Сальников встал из-за стола, прошелся по кабинету, для чего-то переложил папки на столе, еще раз прошелся и остановился напротив Осипова. Зэк также попытался встать.
— Сиди, — сказал начальник лагеря. — И слушай меня внимательно. И делай выводы, если, конечно, ты на это способен. Те разговоры, которые ты ведешь, — это, как ты понимаешь, преступление. Тягчайшее преступление! Агитация против советской власти. Ну? А у тебя срок двадцать пять лет. И потому любой довесок к твоему сроку — это расстрел. Да-да, вышка! Потому что куда тебе больше добавлять? Ты понимаешь, о чем я тебе толкую?

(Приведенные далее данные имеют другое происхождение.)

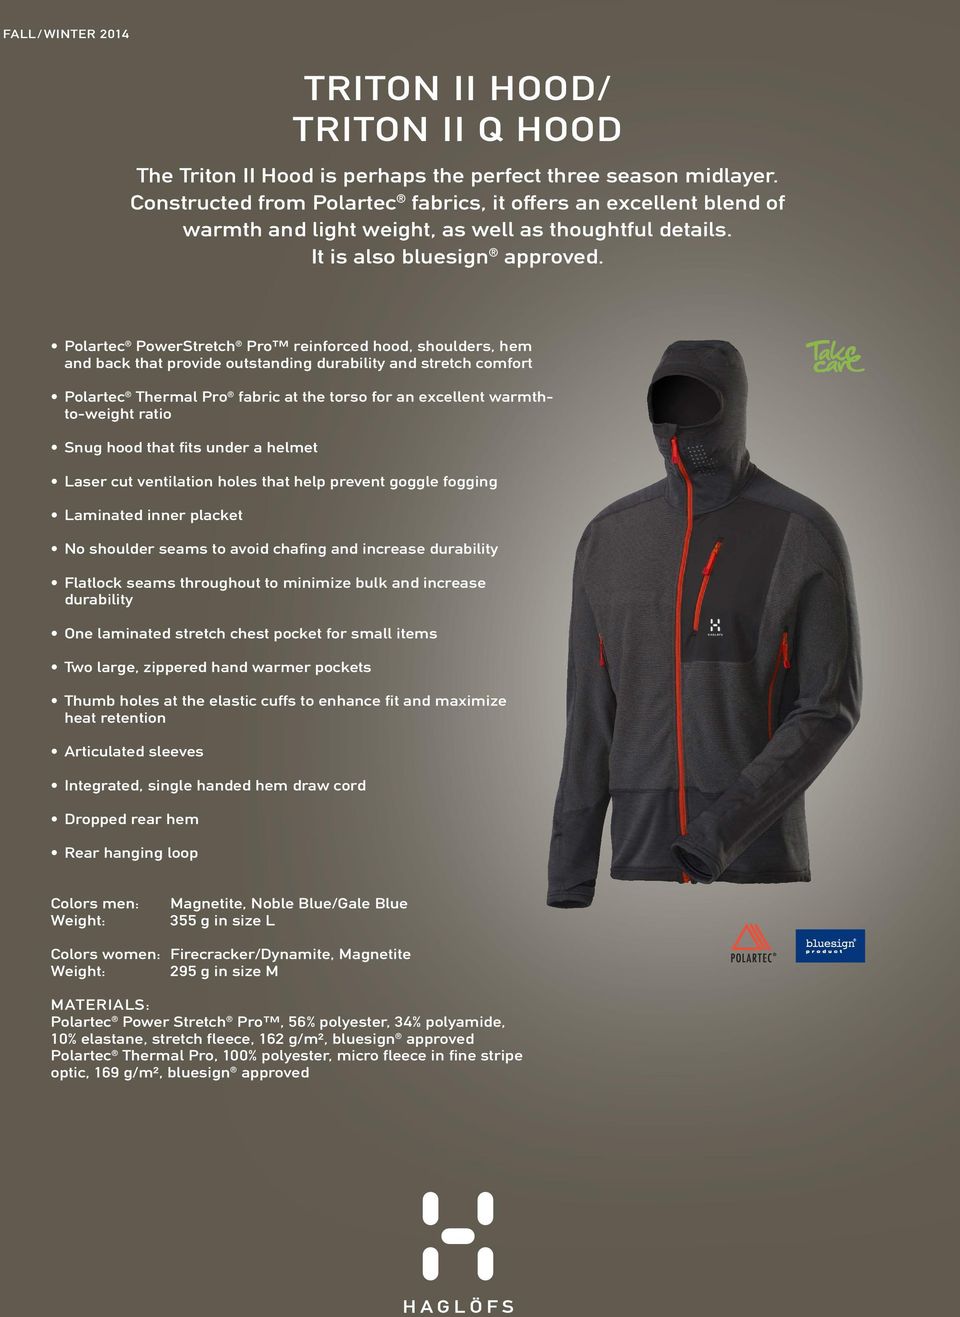 Polartec PowerStretch Pro reinforced hood, shoulders, hem and back that provide outstanding durability and stretch comfort Polartec Thermal Pro fabric at the torso for an excellent warmthto-weight

— Я… — еще раз попытался возразить заключенный.
— Молчи и слушай! — прервал его начальник лагеря. — И вникай. Если я дам официальный ход таким твоим разговорам, то можешь заранее намазать себе лоб зеленкой. Потому что иных вариантов у тебя нет! Тут, понимаешь ли, ведется война против фашистских захватчиков, а какой-то заключенный Осипов в это же самое время ведет злобные разговоры против советской власти и надеется на помощь тех самых захватчиков! И я, как начальник лагеря, просто обязан доложить об этом по инстанции! Потому что в подведомственном мне лагере завелся убежденный, лютый враг советской власти.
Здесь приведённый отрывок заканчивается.